Social science research is concerned with the study of processes and phenomena in human societies, institutions and organizations. However, this processes and phenomena in human societies are complex due to many non-linear interactions between their elements (Gilbert, 2004). Social simulation can help to understand, test and validate hypotheses of social phenomena by the construction of virtual social laboratories. Social simulation is a research field emerging from the intersection of computer science, statistics and social sciences in which new computer and mathematical methods are used to answer societal questions (Sallach & Macal, 2001). The field is intrinsically collaborative: social scientists provide a vital context and insight into relevant research questions, data sources and methods of acquisition while statisticians and computer scientists provide expertise, in developing a mathematical model and computer tools. The use of computers in social sciences is almost as old as computers in general. This is partly due to the fact that some of the pioneers of computer science, such as John Van Newman who was among the founders of game theory, were at the time the pioneers in the formulation of social sciences (Von Neumann & Morgenstern, 1947). In addition, Herbert A. Simon, one of the pioneers in the formalization of social sciences, was among the first to adopt computer-assisted methods to construct social theories (Simon, 1959).

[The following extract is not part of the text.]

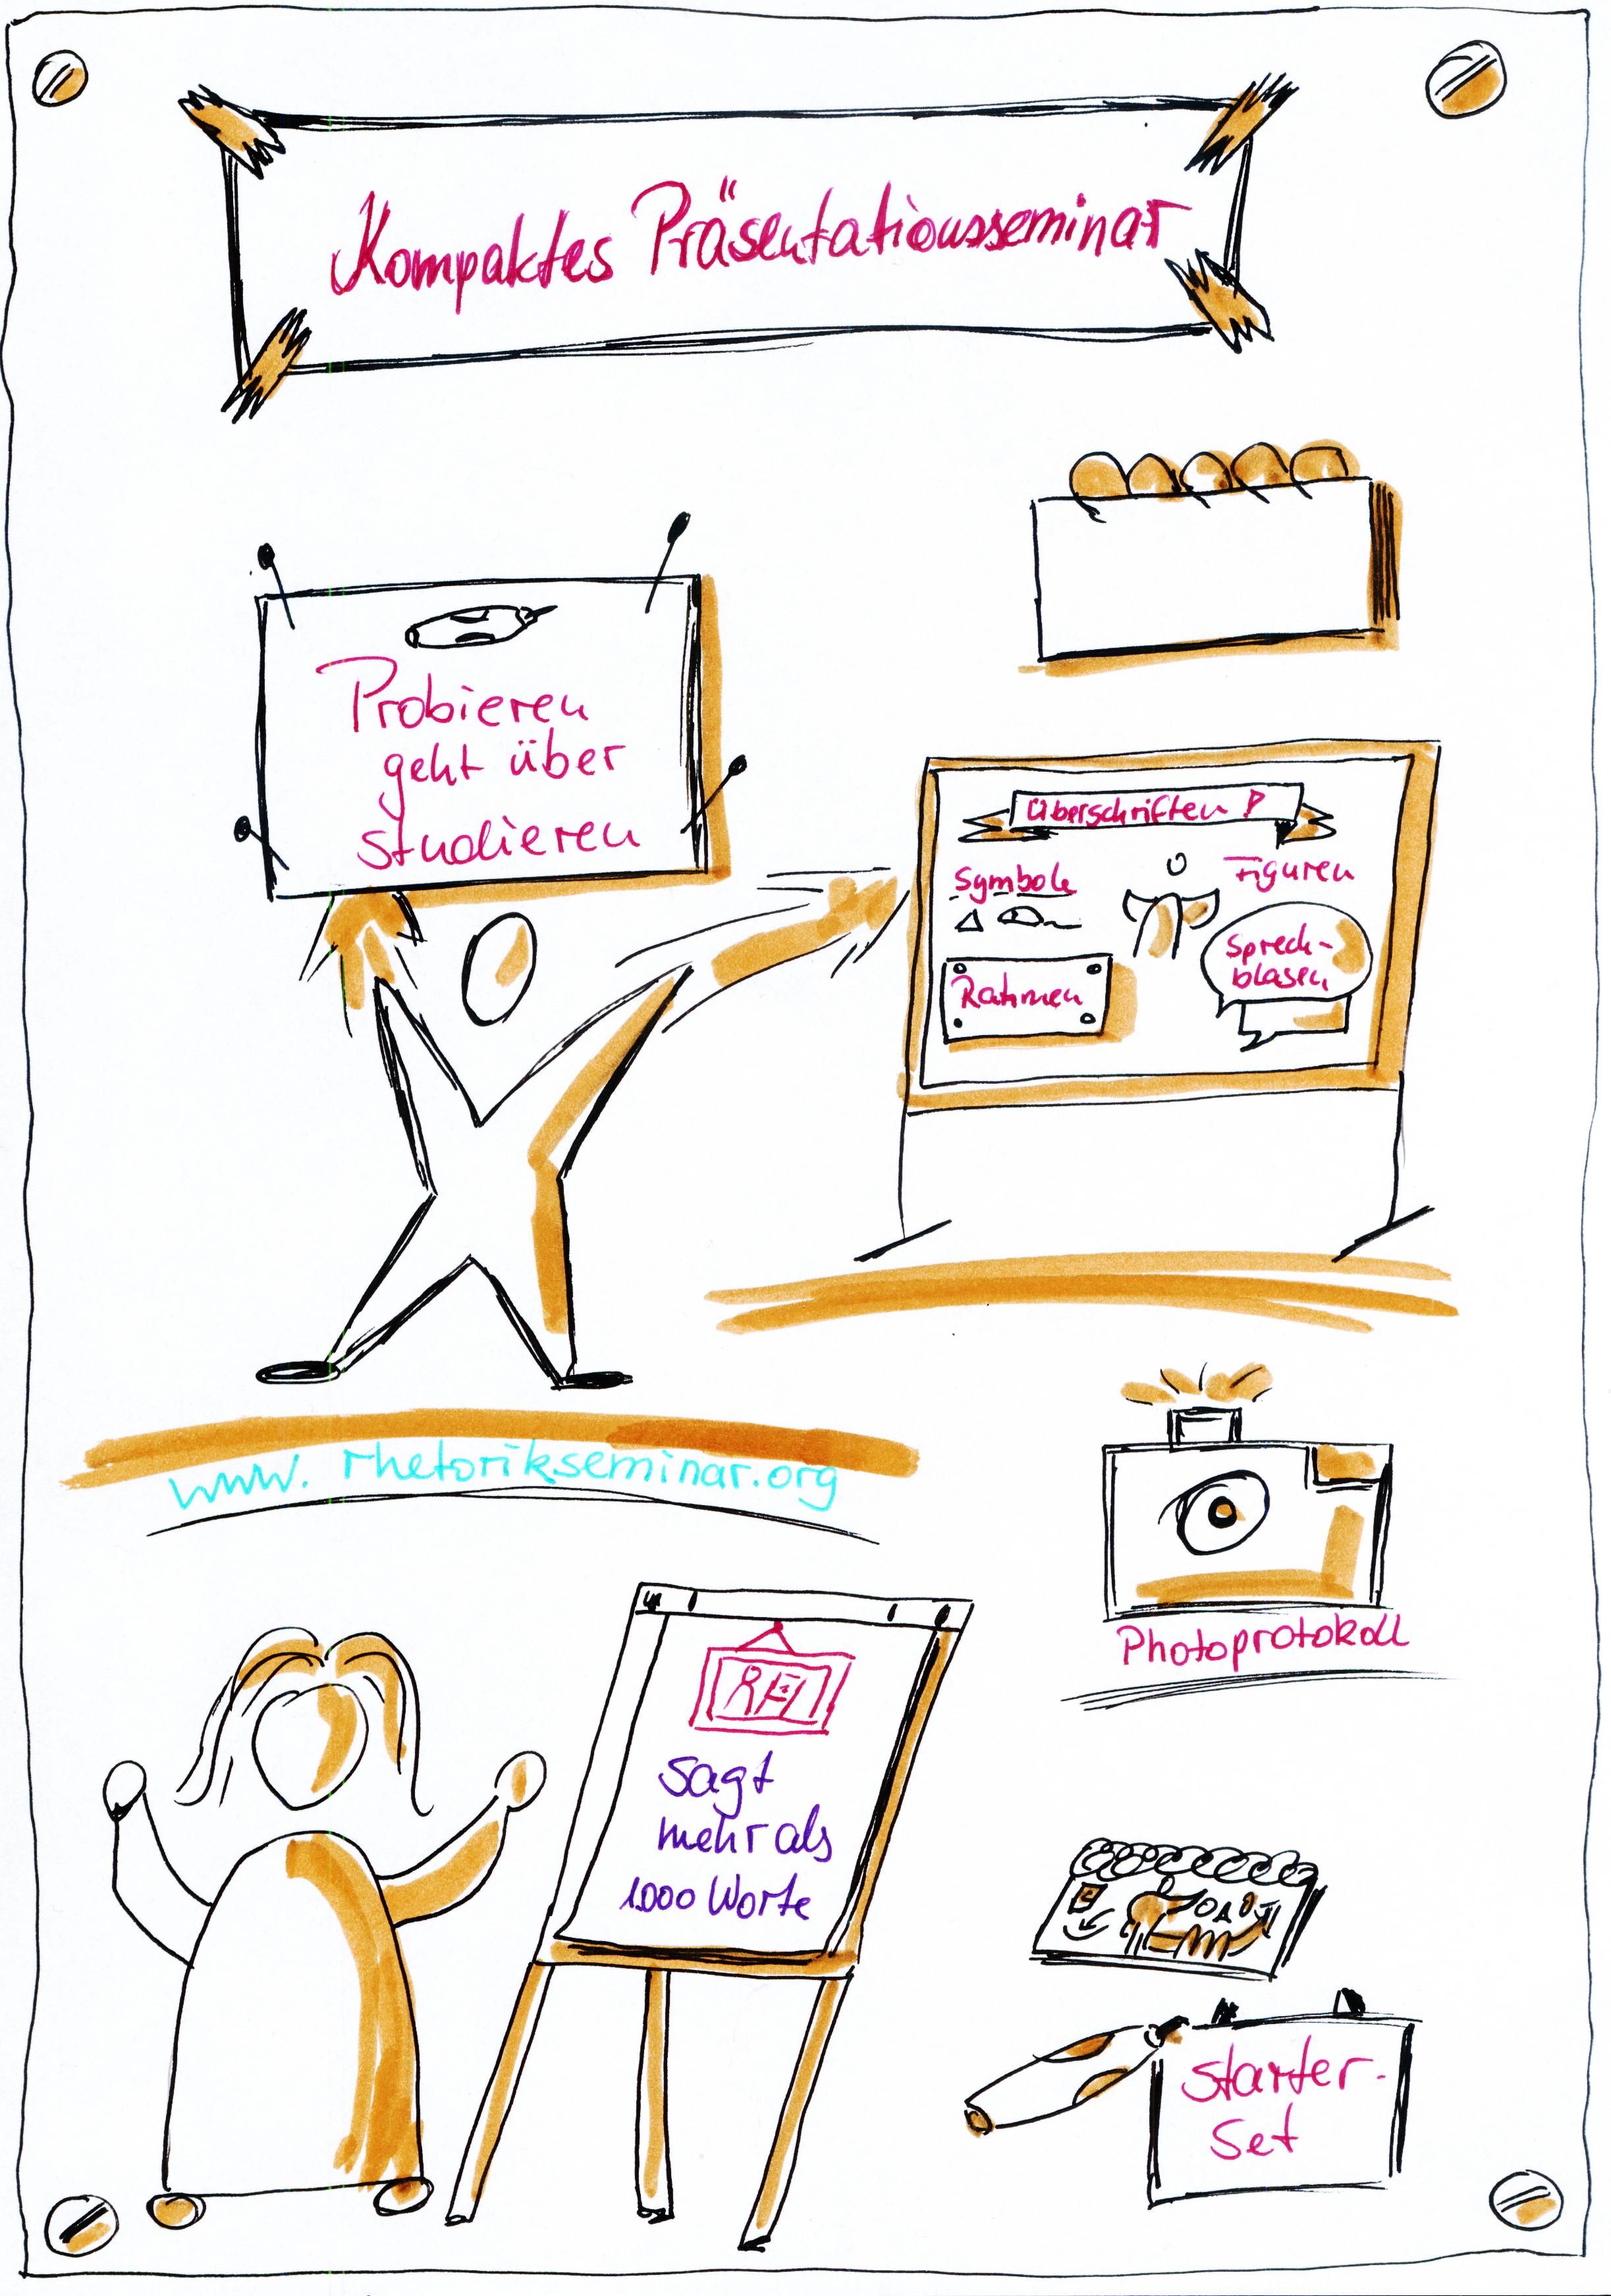 offenes Kompaktes Präsentationsseminar

Social simulation is derived from the interests of psychologists, sociologists, anthropologists and some economists who are interested in the study of behavioral patterns and social phenomena (Axelrod, 1997b; Billari et al., 2008). It allows the analysis of structures and social organizations regrouping a set of actors (individuals, animals, etc.) in interaction. Simulation is described as the third way of “doing science”, complementary to the two standard methods in social sciences, induction and deduction (Axelrod, 1997a, Blaschke, 2008 and Ostrom, 1988). According to Gilbert and Troitzsch (Gilbert, 1999), the goal of simulation is to better understand a phenomenon or to predict the evolution of a system. Simulation also allows us to study quite finely dynamic processes that naturally take into account the temporal evolution. Researchers have often been interested in simulation as a method of developing and testing social theories. Hence, Nigel Gilbert and Doran (Gilbert & Doran, 1994) demonstrated that computer simulation is an appropriate methodology whenever a social phenomenon is not directly accessible.

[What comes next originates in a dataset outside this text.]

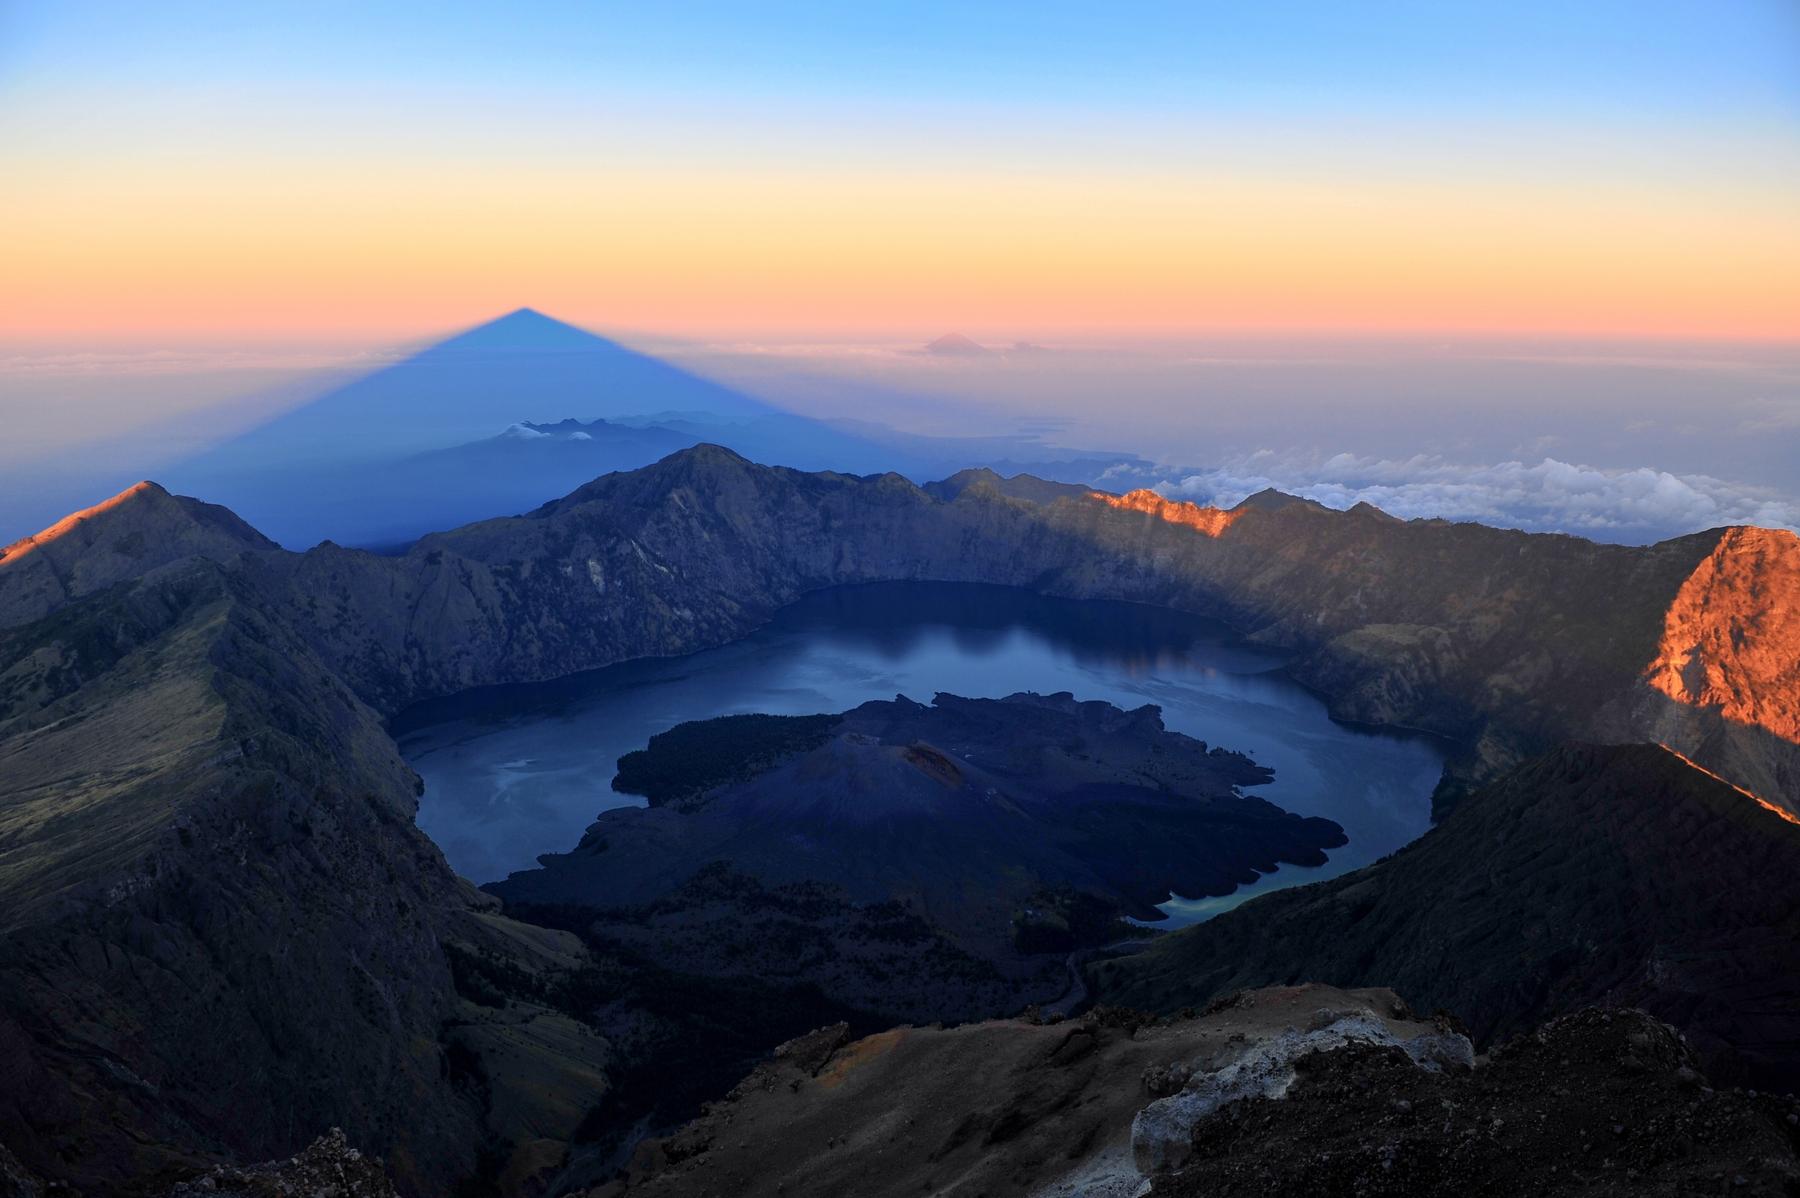 Mount Rinjani Indonesia

Social simulation represents a new paradigm for understanding social complexity. It applies approaches that use advanced computational capabilities (Cioffi-Revilla, 2014). Social simulation refers to many computer-based tools (Suleiman, Troitzsch & Gilbert, 2012) ranging from information extraction, algorithms to computer simulation models, as well as concepts and theories. Social simulation also uses statistical and mathematical methods (De Marchi, 2005), and in some cases other methods such as geo-spatial methods (Crooks & Castle, 2012) visualization (Grignard & Drogoul, 2017) to understand social complexity. This new paradigm allows the study of dynamics of all sizes of social groups (Axelrod, 1997a; Billari et al., 2008; M’hamdi et al., 2017; Nemiche & Pla-Lopez, 2000; Nemiche & Pla-Lopez, 2003; Nowak & Lewenstein, 1996; Pla-López, 1989, Pla-Lopez, 2007; Turchin, Currie et al., 2013). Social simulation is a subfield of Computational Social Science (CSS) as well as Analysis of Social Networks and Complex Systems which are the most well-known research axes in CSS (Cioffi-Revilla, C, 2014). The role of CSS is to formalize theory in order to express, study, experiment, and develop our understanding of social complexity which is something inaccessible by the traditional methods of social sciences (Axelrod, 1997a; Cioffi-Revilla, 2014; Ostrom, 1988).